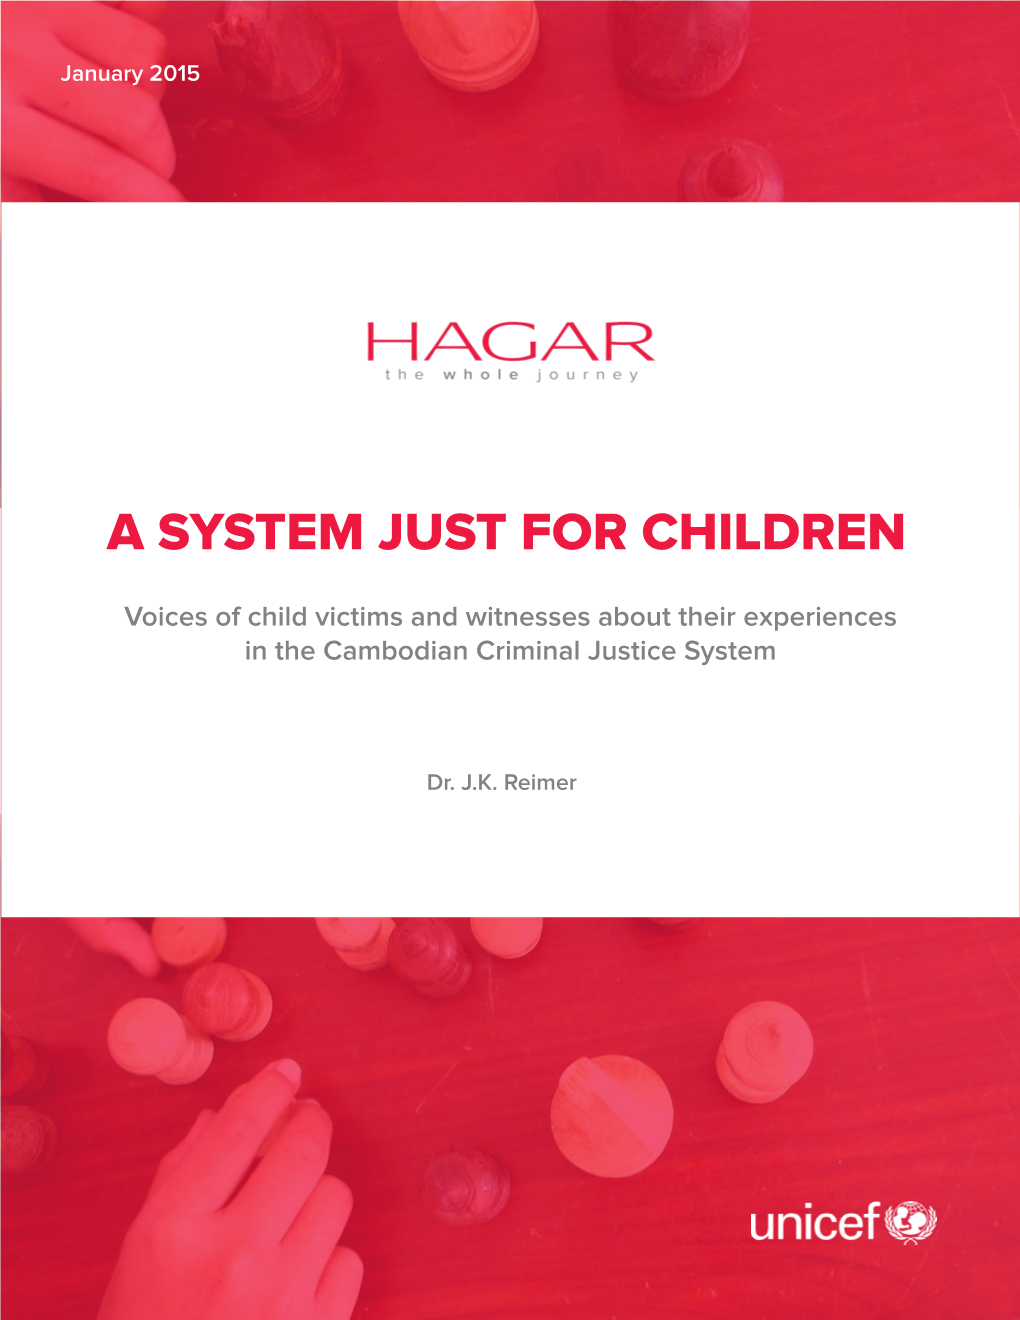 A SYSTEM JUST for CHILDREN: Voices of Child Victims and Witnesses About Their Experiences in the Cambodian Criminal Justice System
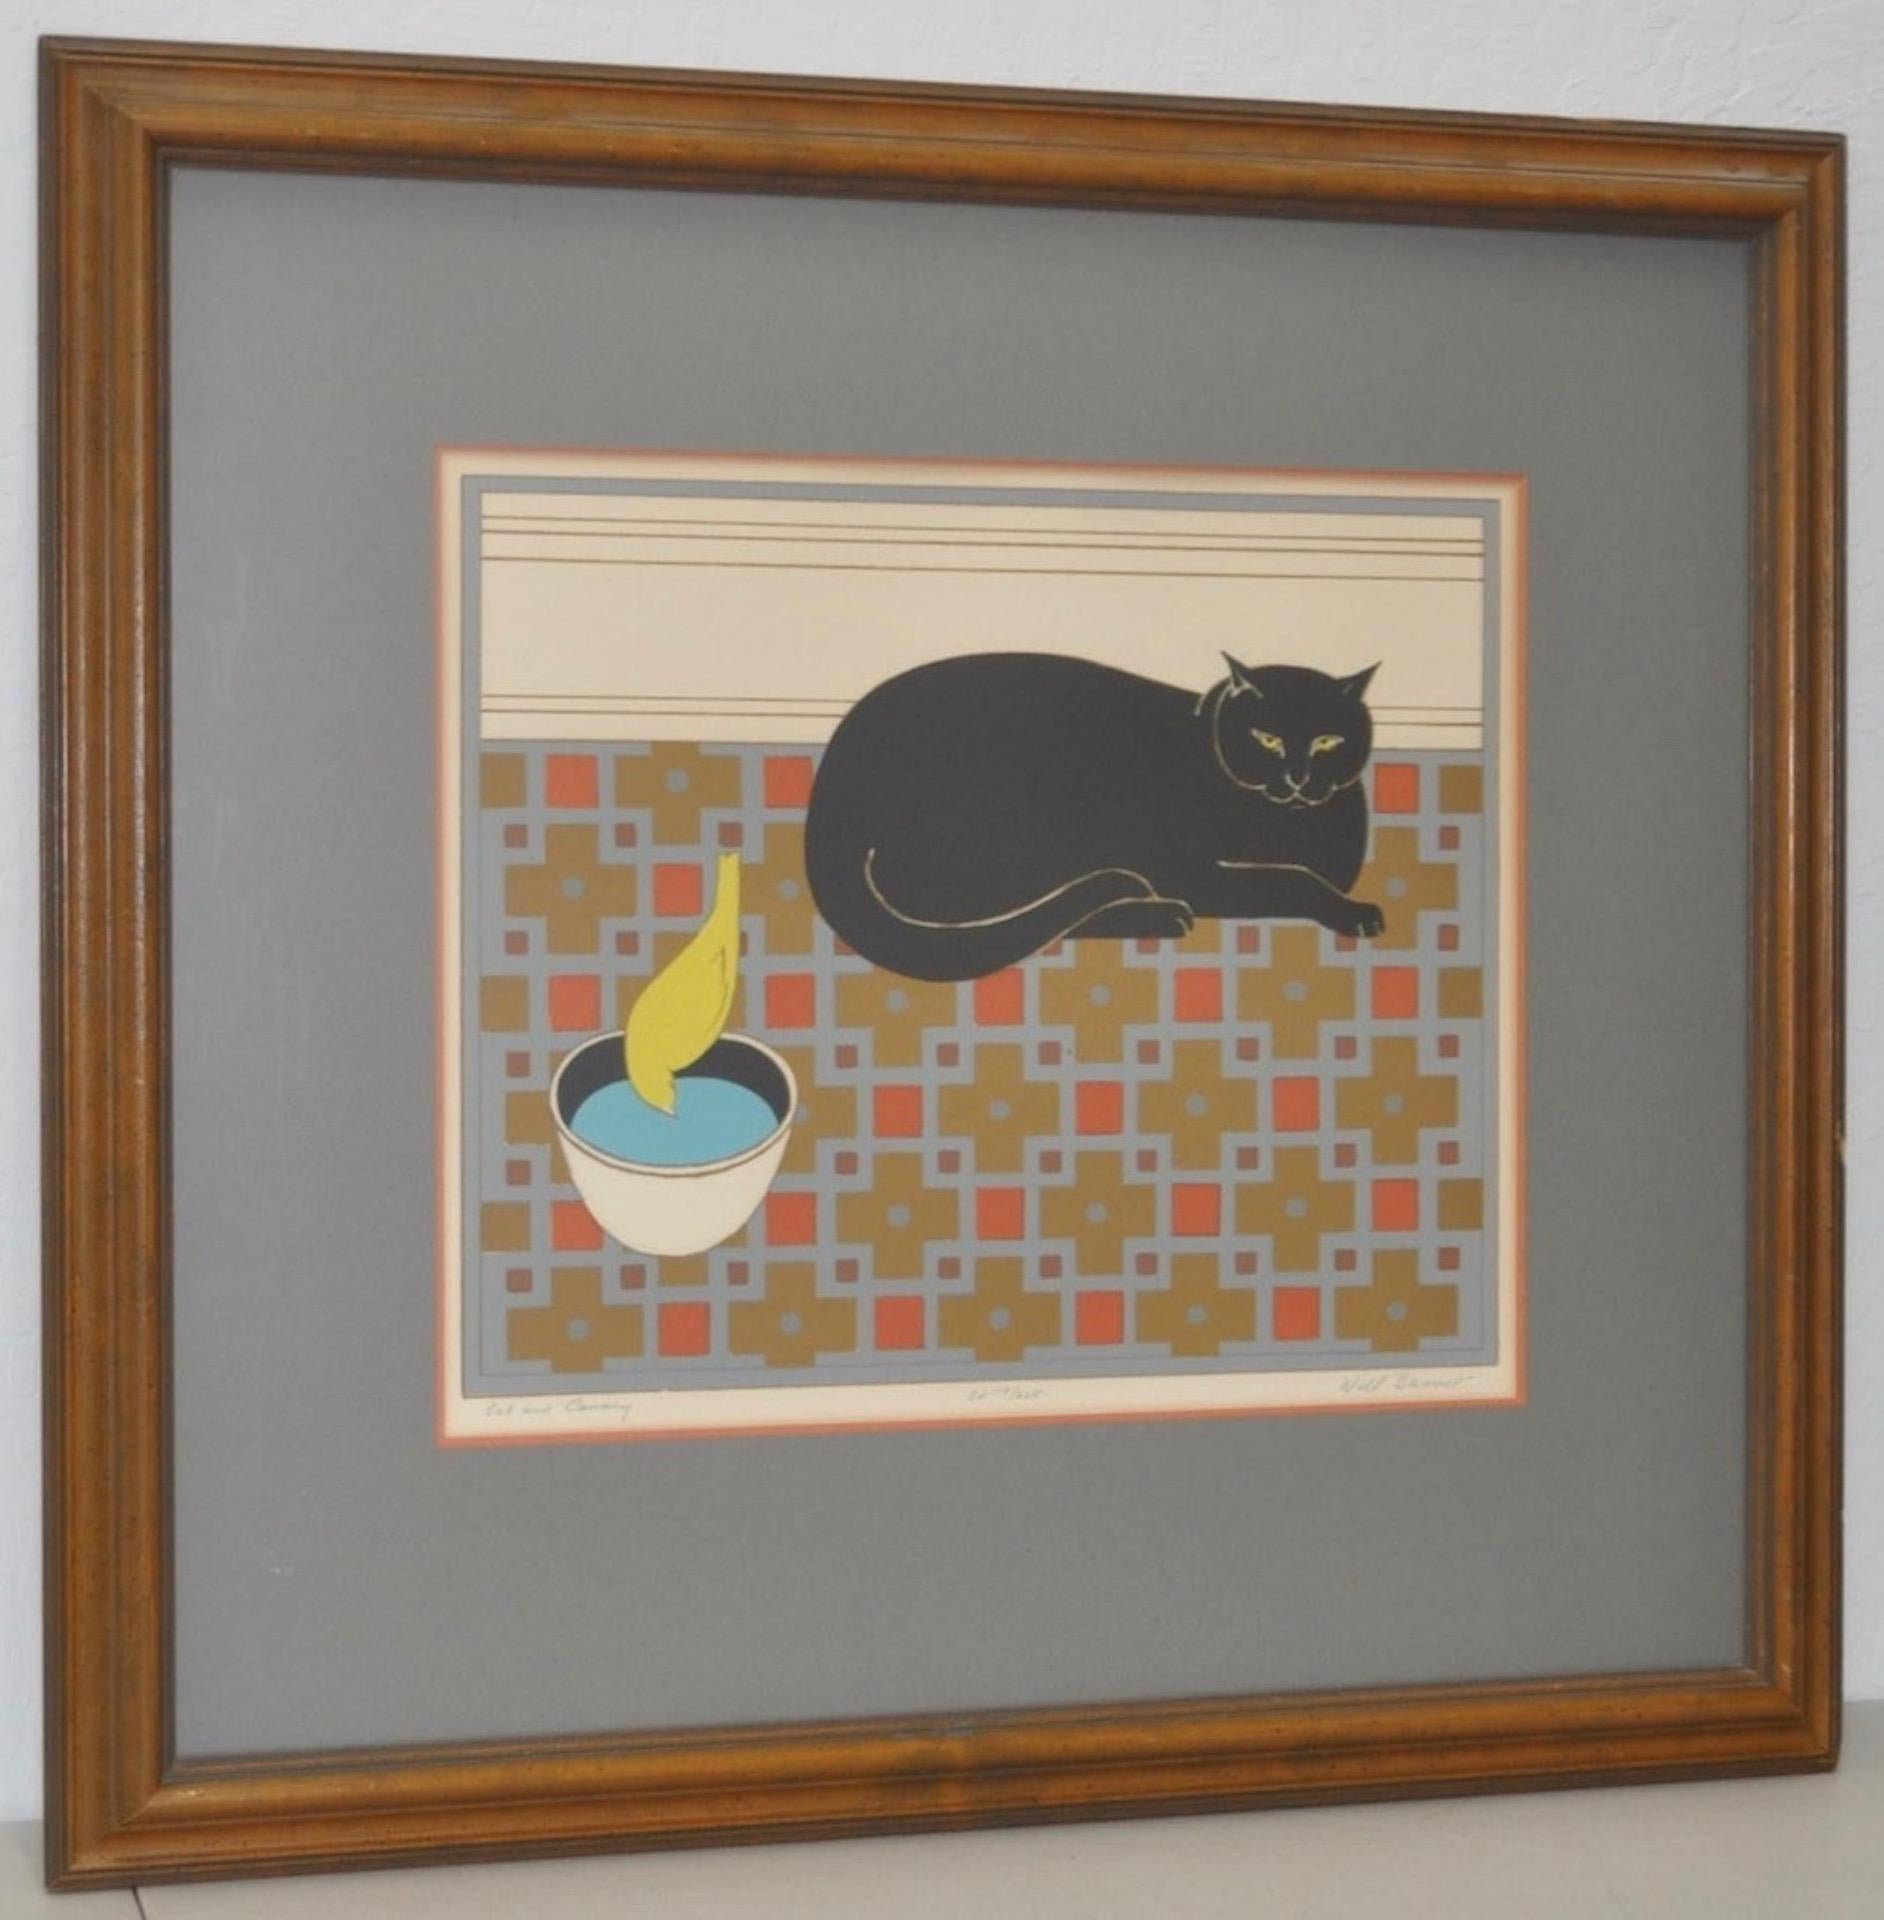 Will Barnet "Cat and Canary" Pencil Signed Lithograph

The little canary is taking no chances, keeping it's eye on the cat while it sneaks a drink of the cats water.

From a limited edition of 225. Pencil signed, numbered and titled.

Dimensions 18"
+ + + + +
The material above is to be output exactly, with each picture left out.

 A SYSTEM JUST for CHILDREN: Voices of Child Victims and Witnesses About Their Experiences in the Cambodian Criminal Justice System
 Will Barnet "Cat and Canary" Pencil Signed Lithograph

The little canary is taking no chances, keeping it's eye on the cat while it sneaks a drink of the cats water.

From a limited edition of 225. Pencil signed, numbered and titled.

Dimensions 18"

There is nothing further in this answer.